- [Exercise data]
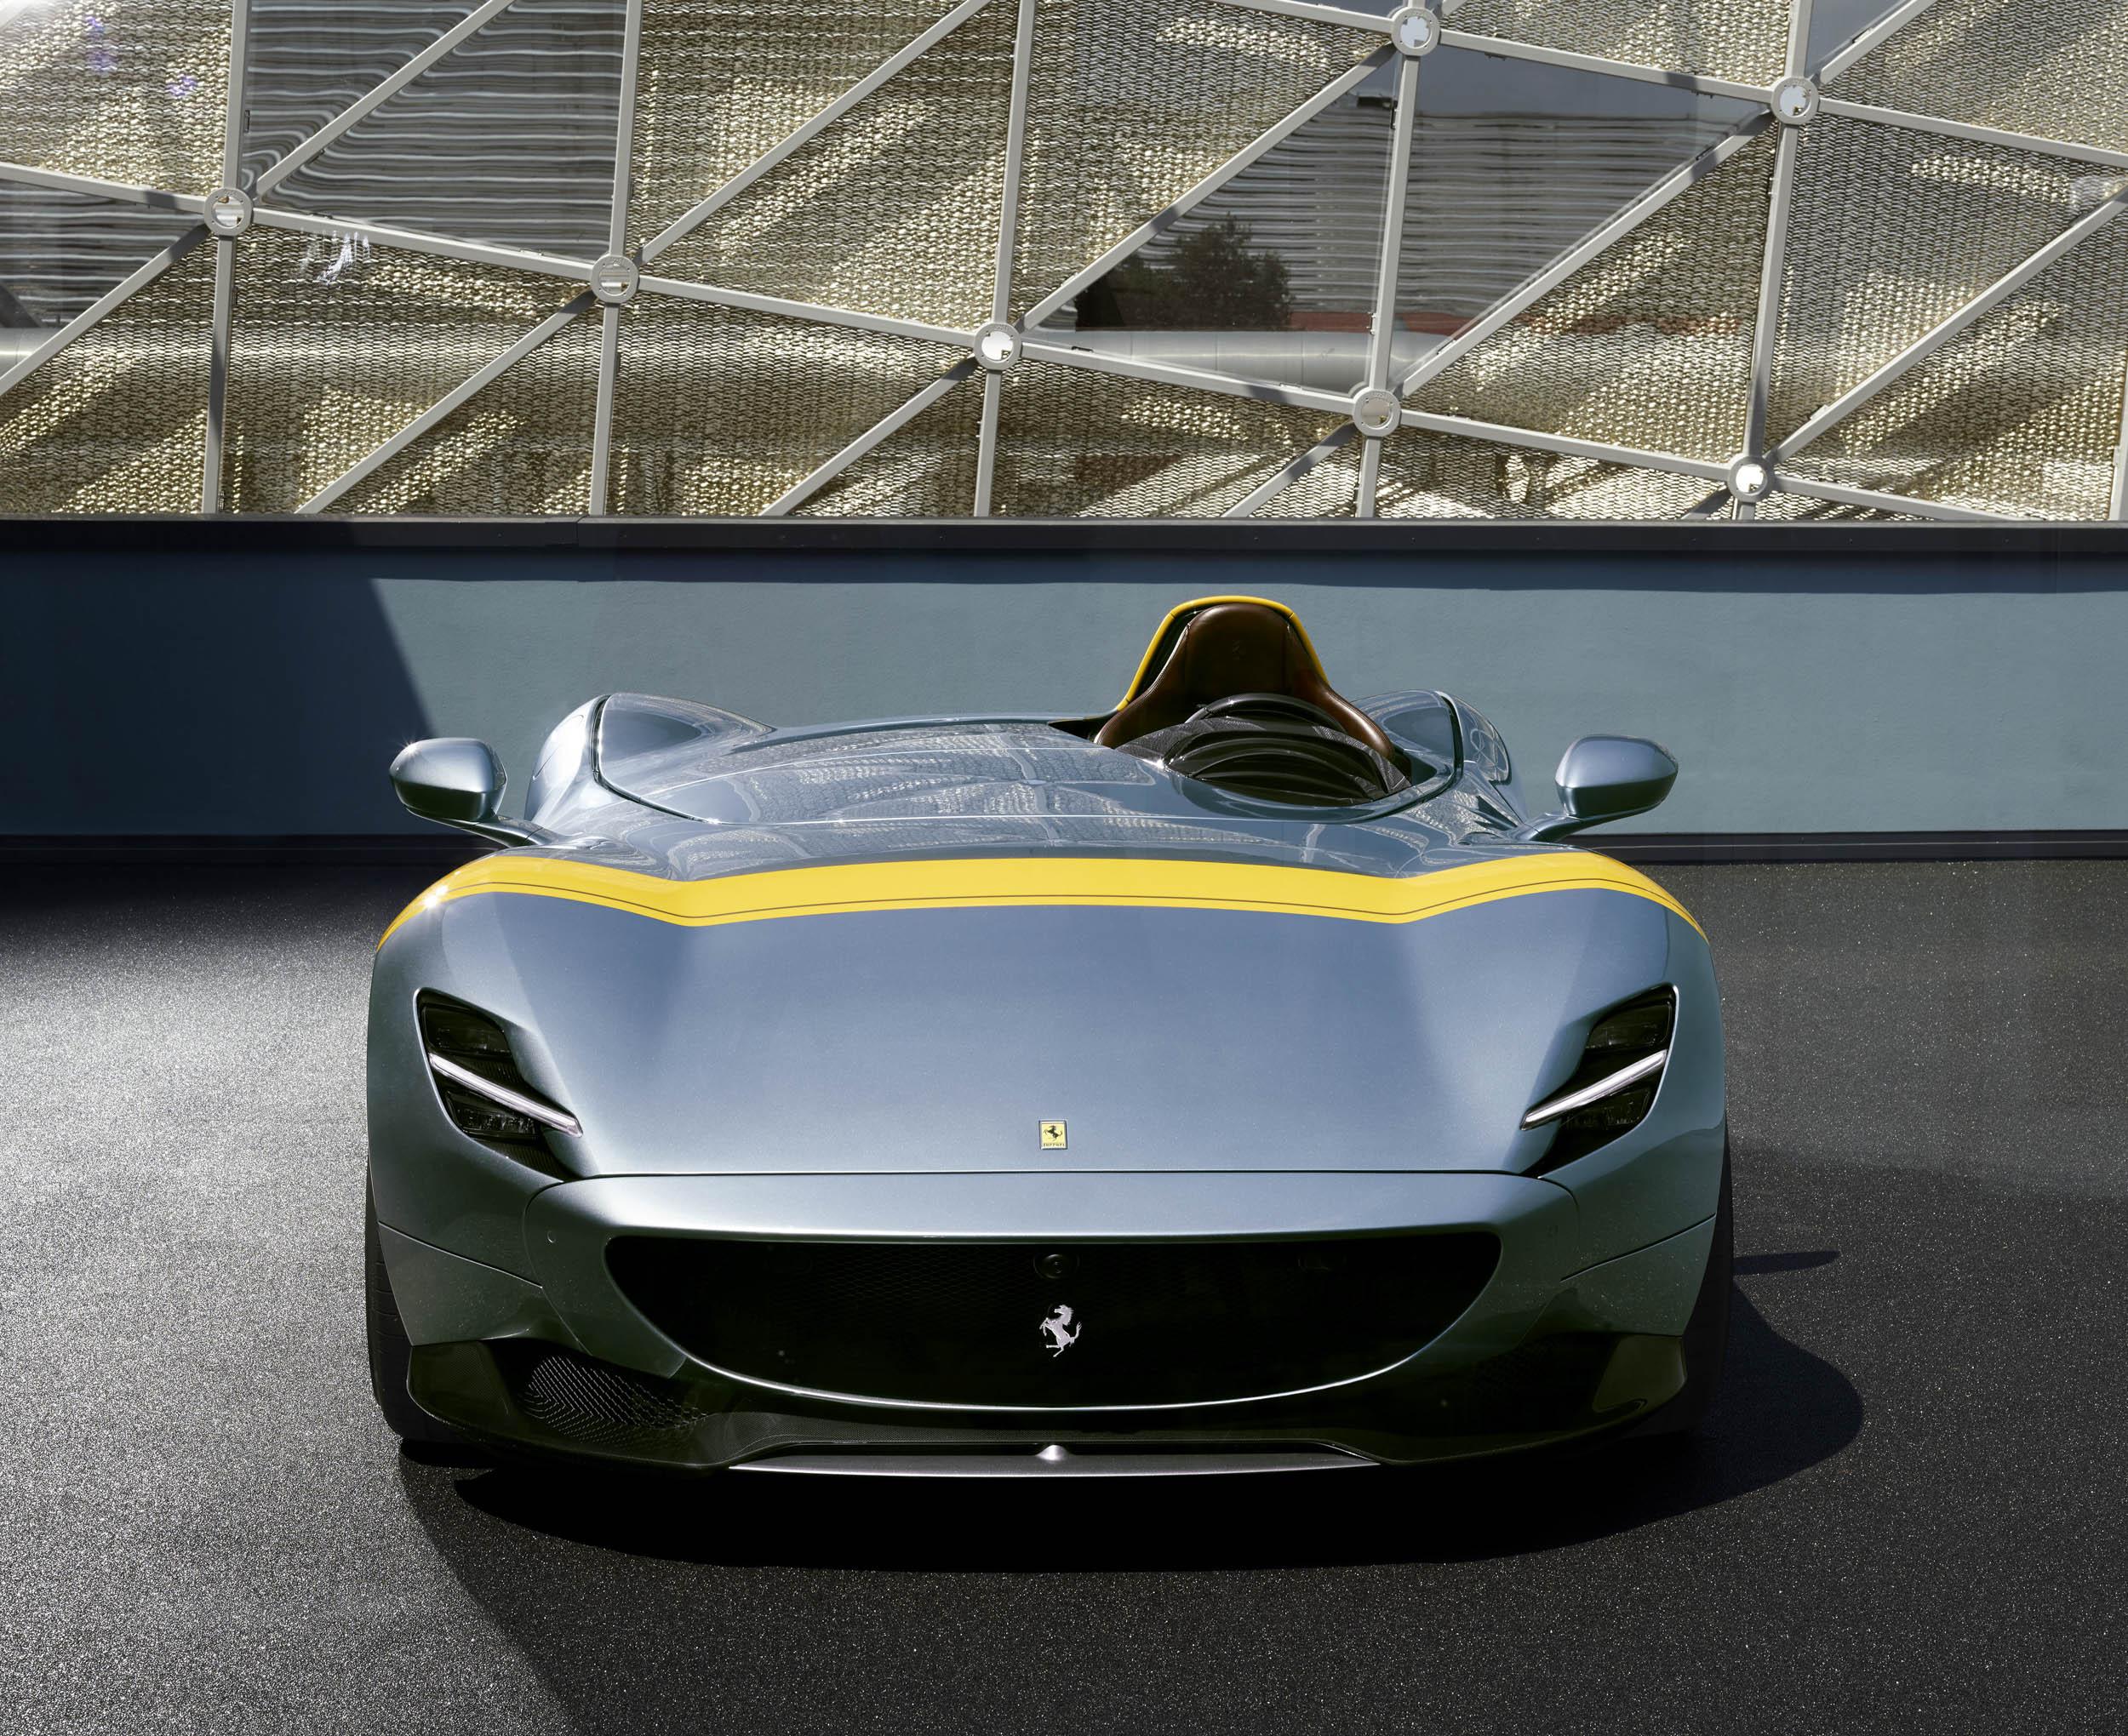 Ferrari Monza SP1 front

---

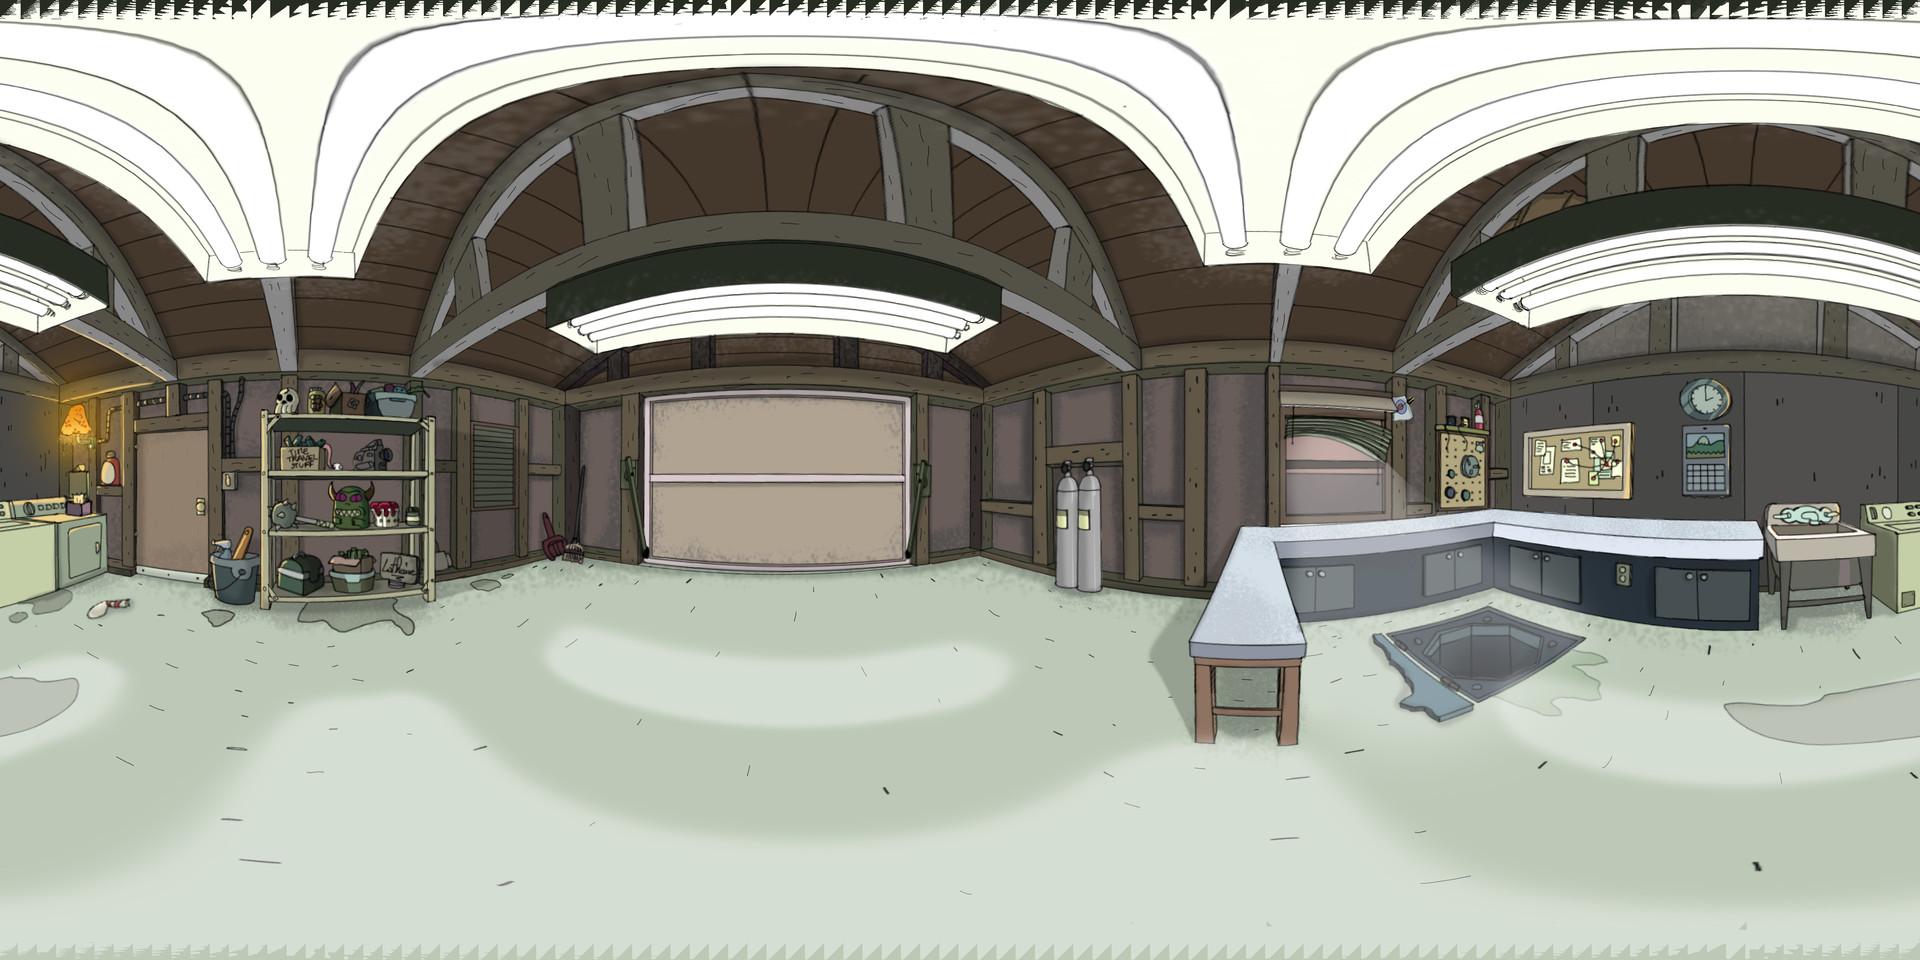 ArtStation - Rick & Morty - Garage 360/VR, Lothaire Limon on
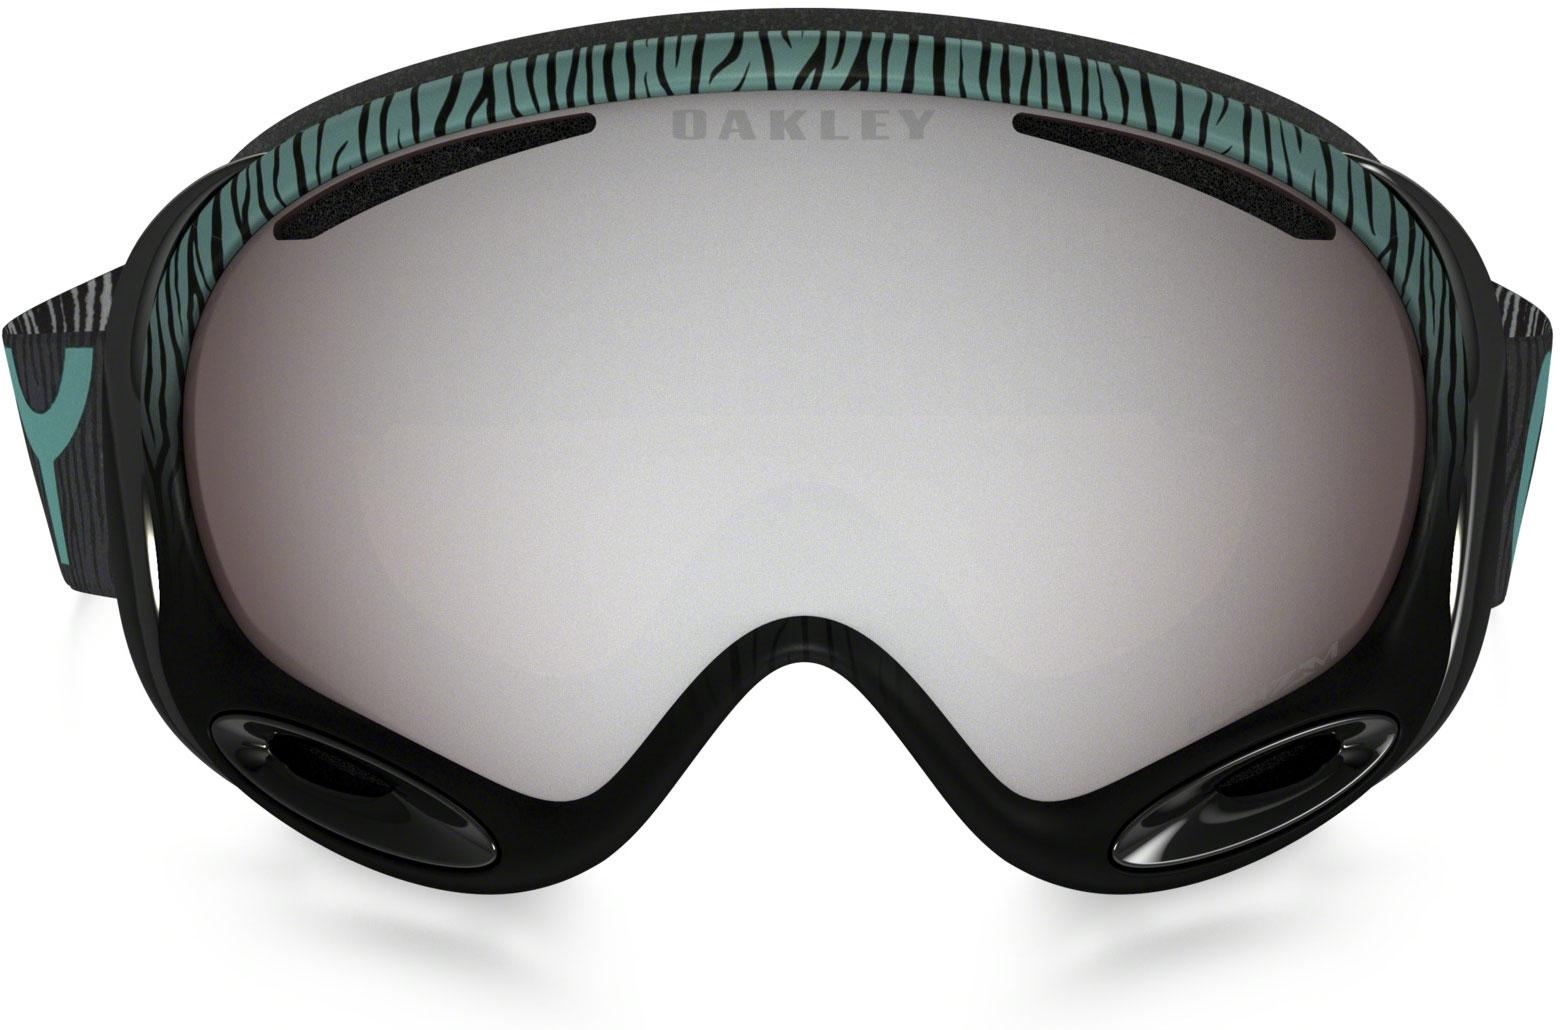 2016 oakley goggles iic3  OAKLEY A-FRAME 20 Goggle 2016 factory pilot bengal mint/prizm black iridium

...

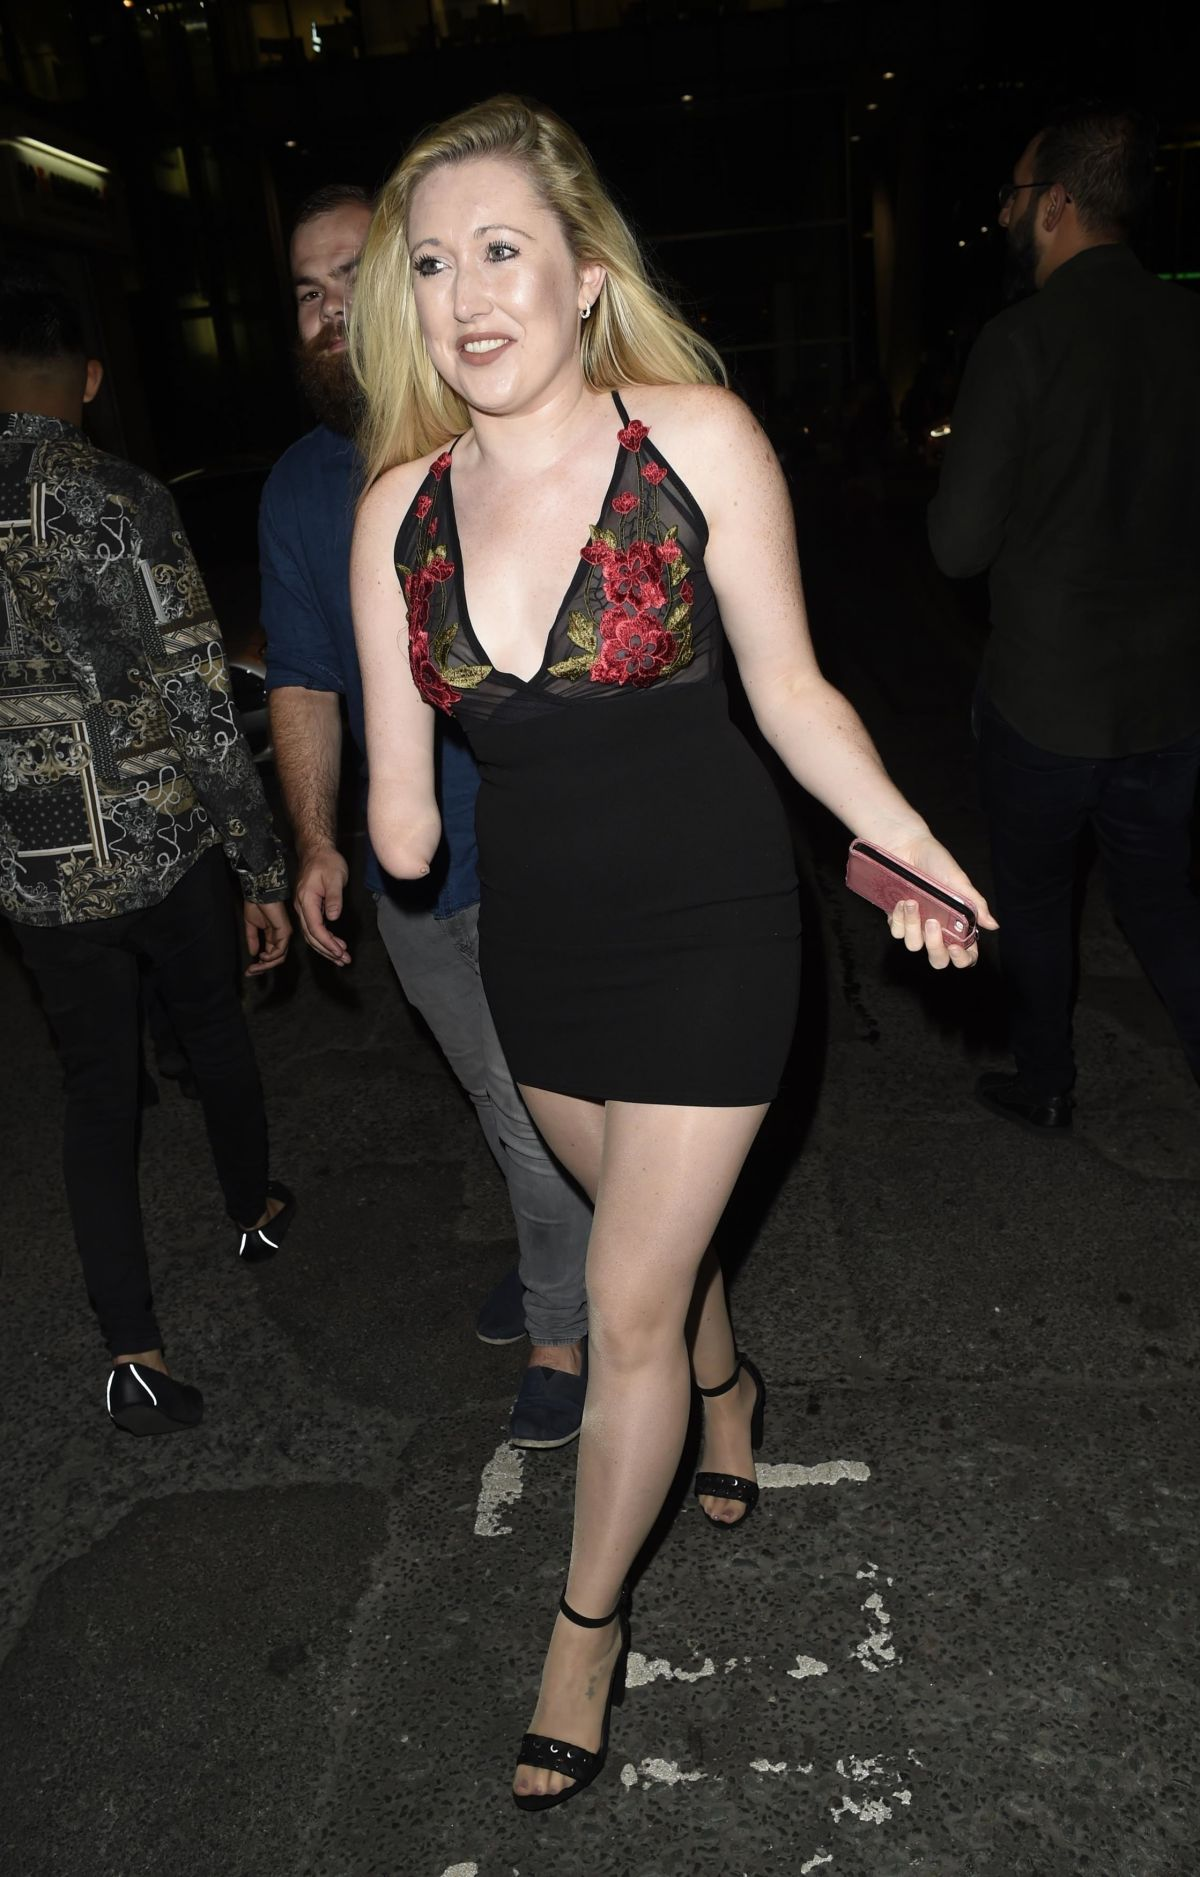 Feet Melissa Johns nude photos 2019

- [Work to be completed] Give again the stretch of lines above from the one with "ArtStation - Rick" through the one with "2016 oakley goggles", both ends kept, and copy no pictures.

- [Output below]
 ArtStation - Rick & Morty - Garage 360/VR, Lothaire Limon on
 2016 oakley goggles iic3  OAKLEY A-FRAME 20 Goggle 2016 factory pilot bengal mint/prizm black iridium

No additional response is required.